To prevent overlap due to tachycardia or premature ventricular activity, we excluded segments where the fixed-length windows around R-peaks would overlap with adjacent segments. This exclusion ensures that each analyzed heartbeat is independent and free from interference caused by overlapping cardiac cycles. We define physiological boundaries around the R-peak for visualization (e.g., P-wave) and average the relevances lead-wise across all subjects and recordings. We selected leads V1 and V4 for detailed analysis in our XAI approach, illustrating how the AI-ECG model detects aging effects in different cardiac regions.

All XAI analyses were conducted using Python and are freely available at https://gitlab.gwdg.de/medinfpub/biosignal-processing-group/detecting-aging-effects-in-serial-ecg.

Clinical features describing ECG aging effects

We use clinical standard ECG parameters which are known to change due to aging22 to compare them to the AI-ECG’s decision. The ECG parameters were taken from the SHIP dataset and were measured during the cardiological investigations, namely P duration, PR interval, QRS duration, and QTc interval. The P duration represents the time required for the atria to depolarize, whereas the PR interval refers to the delay between the atria and ventricles in the atrioventricular (AV) node. The QRS duration shows the time needed for the ventricular depolarization while the QTc interval provides the total time for depolarization and repolarization in the ventricles corrected by the heart frequency.

Statistical analysis

To assess the association between AI-ECG-based aging effects and clinical outcomes, ORs and HRs were calculated using logistic regression and Cox proportional hazards models, respectively.
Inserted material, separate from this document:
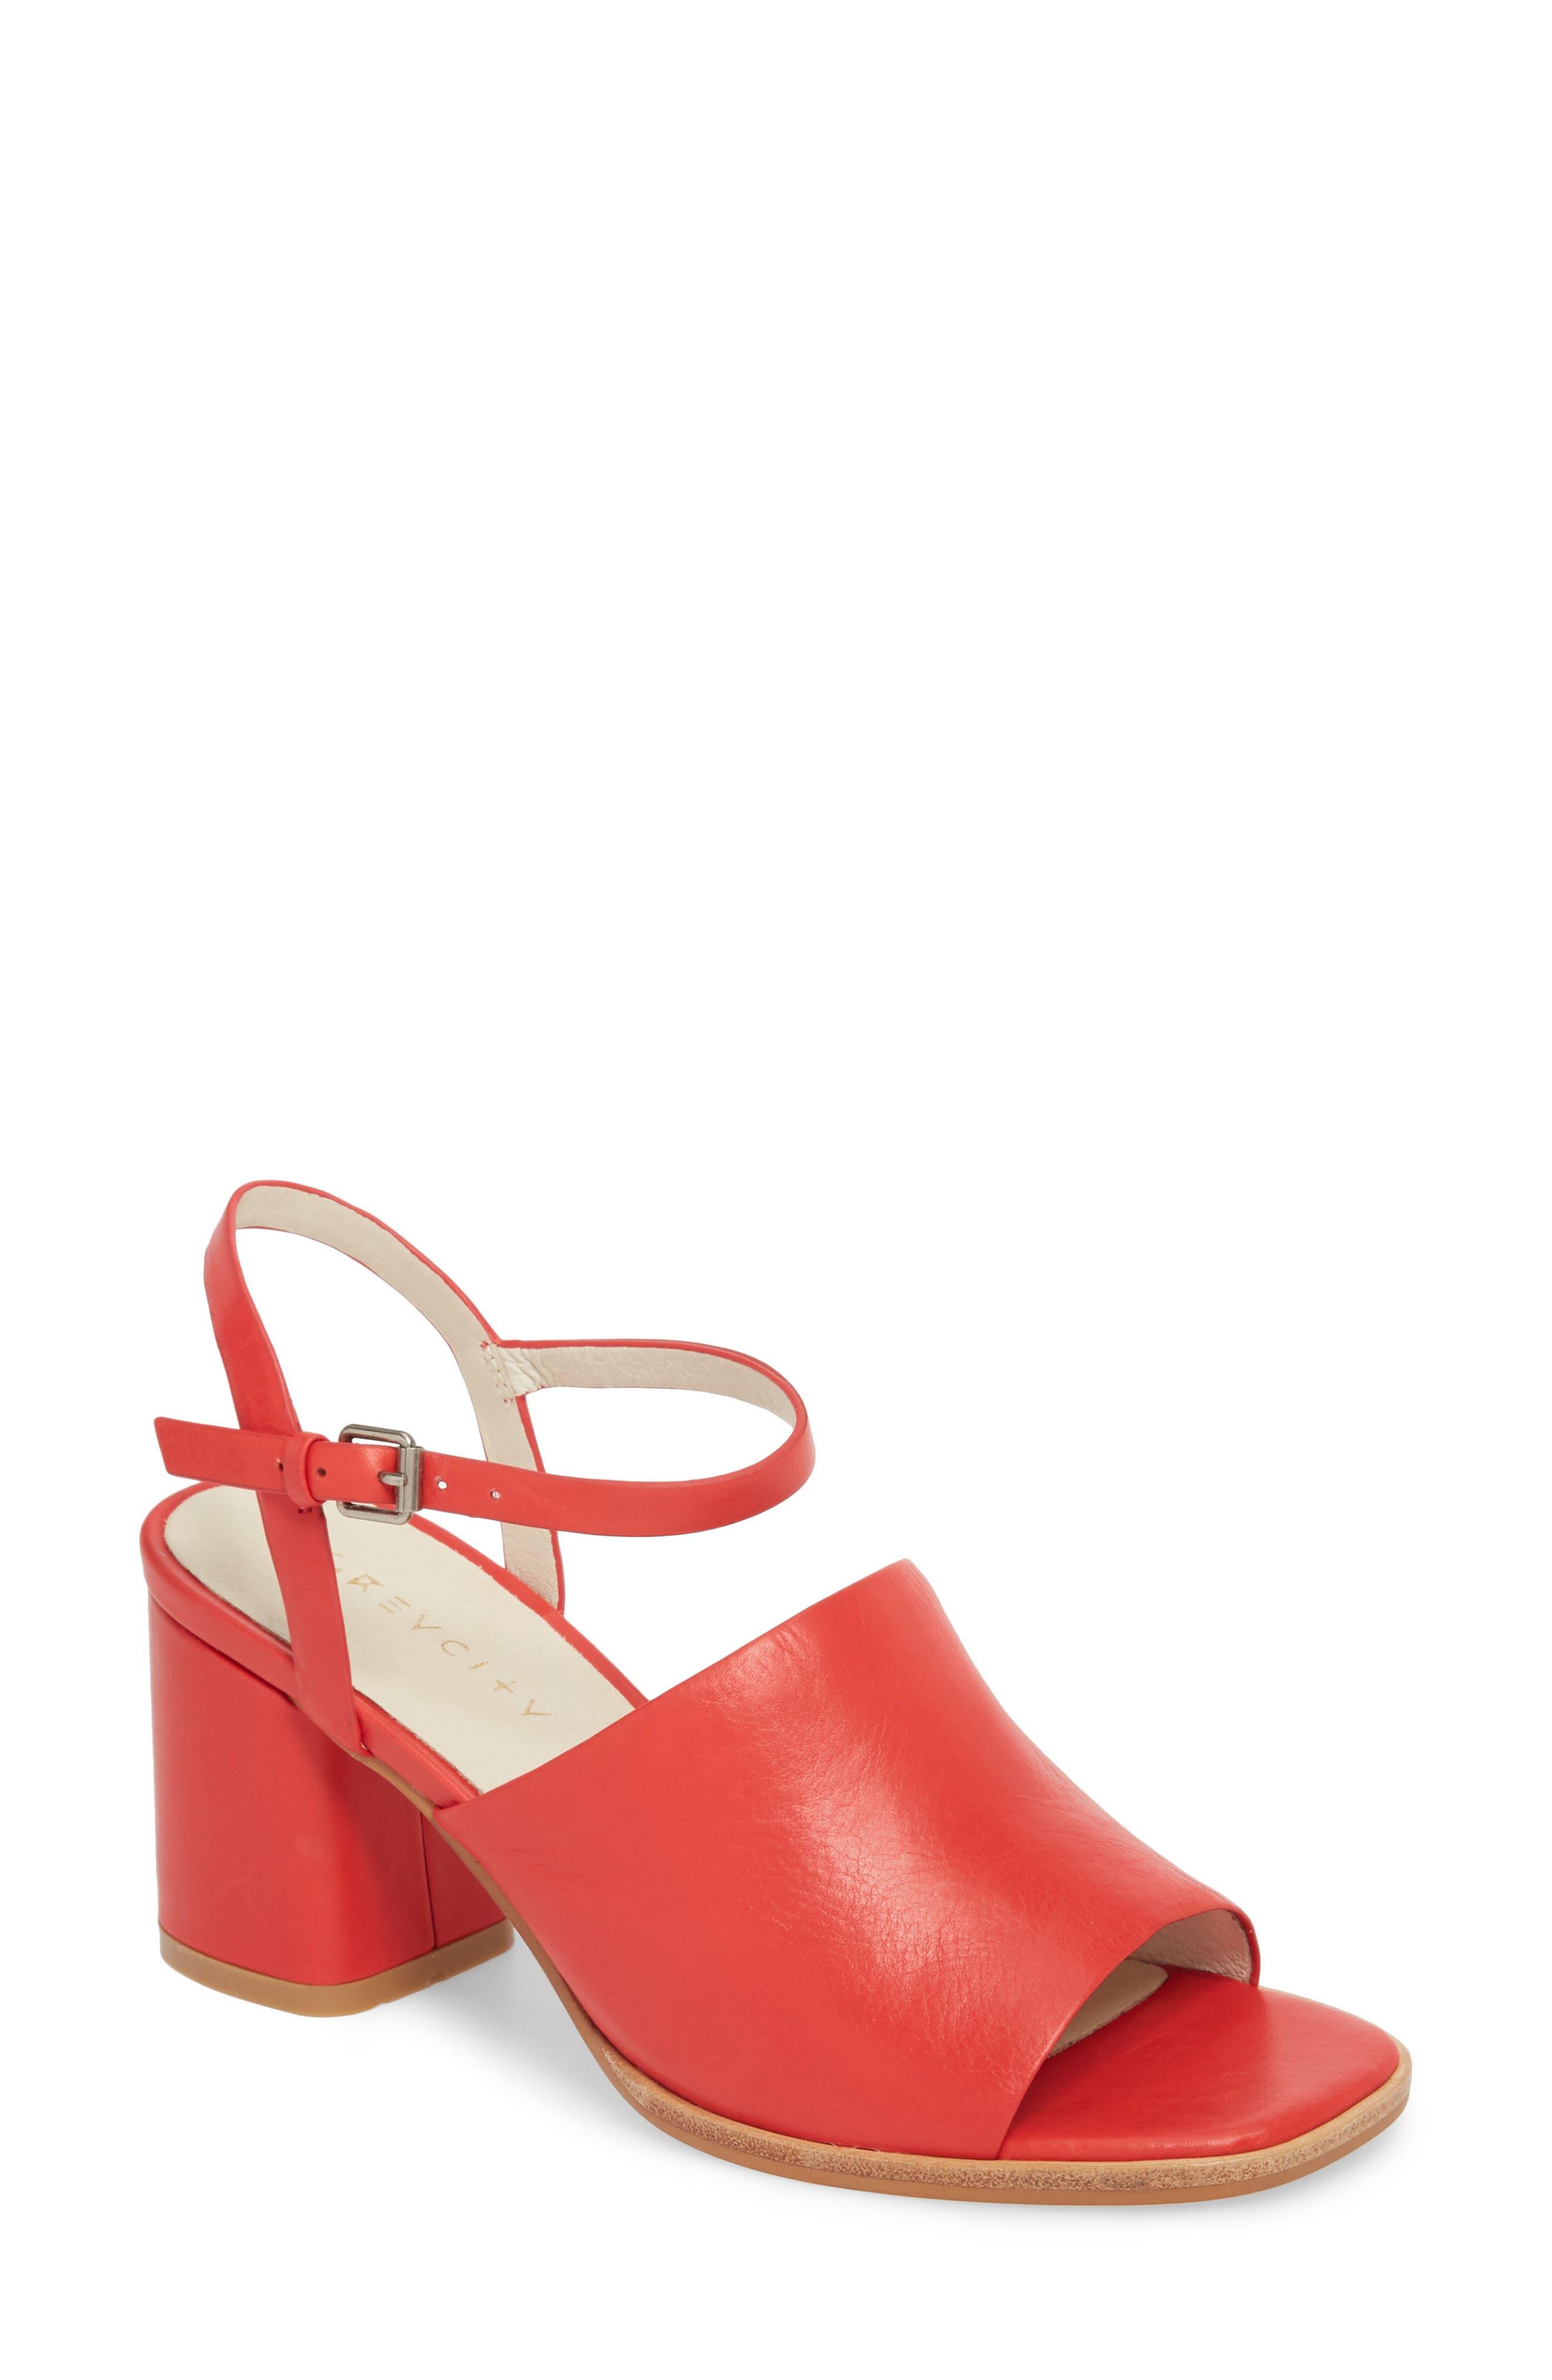 Renae Sandal,                         Main,                         color, RED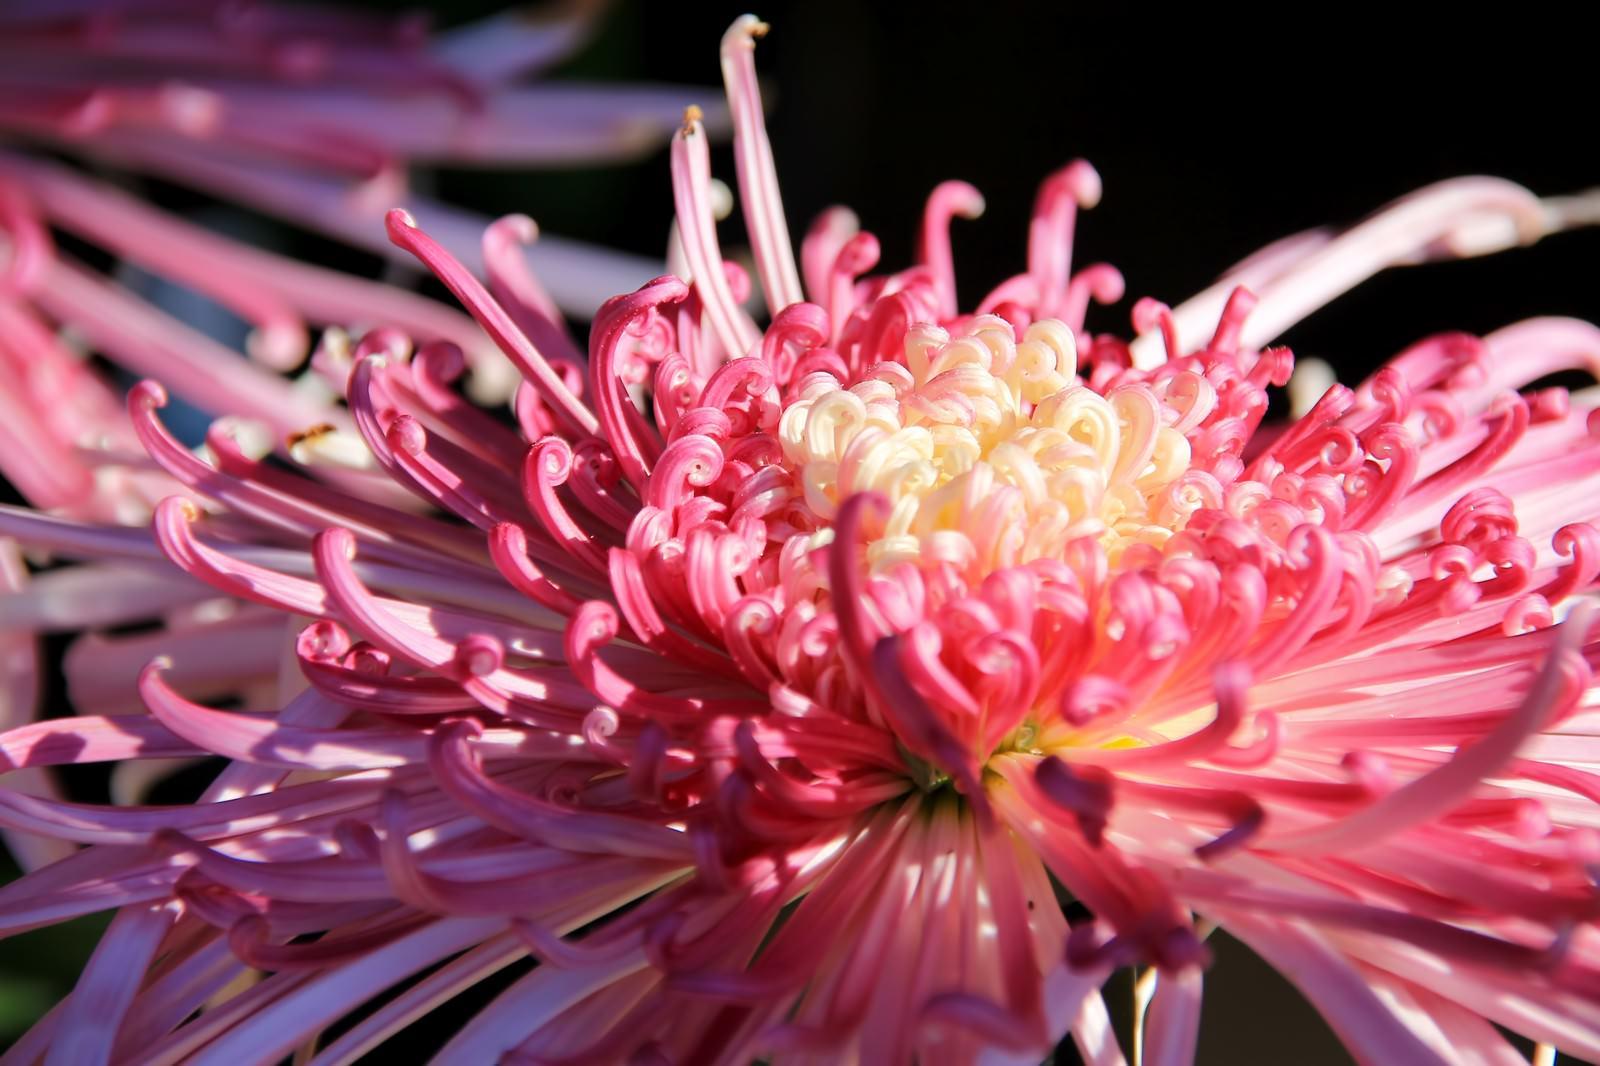 「ピンク色の菊の花」の写真

For OR calculation, logistic regression models were applied with predictors being the defined aging effect groups (“Overestimation” or “Underestimation,” with “Correct Prediction” serving as the reference category) for each clinical condition: AF prevalence (“AF diagnosed”), AF incidence (“Will Develop AF”), HF prevalence (“HF diagnosed”), HF incidence (“Will Develop HF”), MI prevalence (“MI diagnosed”), MI incidence (“Will Develop MI”), and Mortality. Models were adjusted for key confounding factors: chronological age, sex, diagnosed hypertension, hyperlipidemia, diabetes (metformin or insulin application), and medications affecting ECG signals (beta blockers, calcium channel blockers, antiarrhythmics). The full OR data are provided in Supplementary Tables 14.

For HRs, Cox proportional hazards models examined the relationship between the defined aging effect groups and mortality. During validation on all SHIP ECG cohorts, models included chronological age and sex, with additional adjustments for hypertension, hyperlipidemia, diabetes, and ECG-altering medications. In the smaller serial ECG cohort (3190 subjects), models were adjusted for chronological age and sex. HRs with 95% confidence intervals were reported for each model. Survival plots for both sex and medication subgroups can be seen in Supplementary Figs. 8 and 9.

Statistical significance was determined for each predictor by evaluating the p-values obtained from model coefficients. Additionally, two-sided t-tests were performed to assess differences in clinical features known to influence aging effects.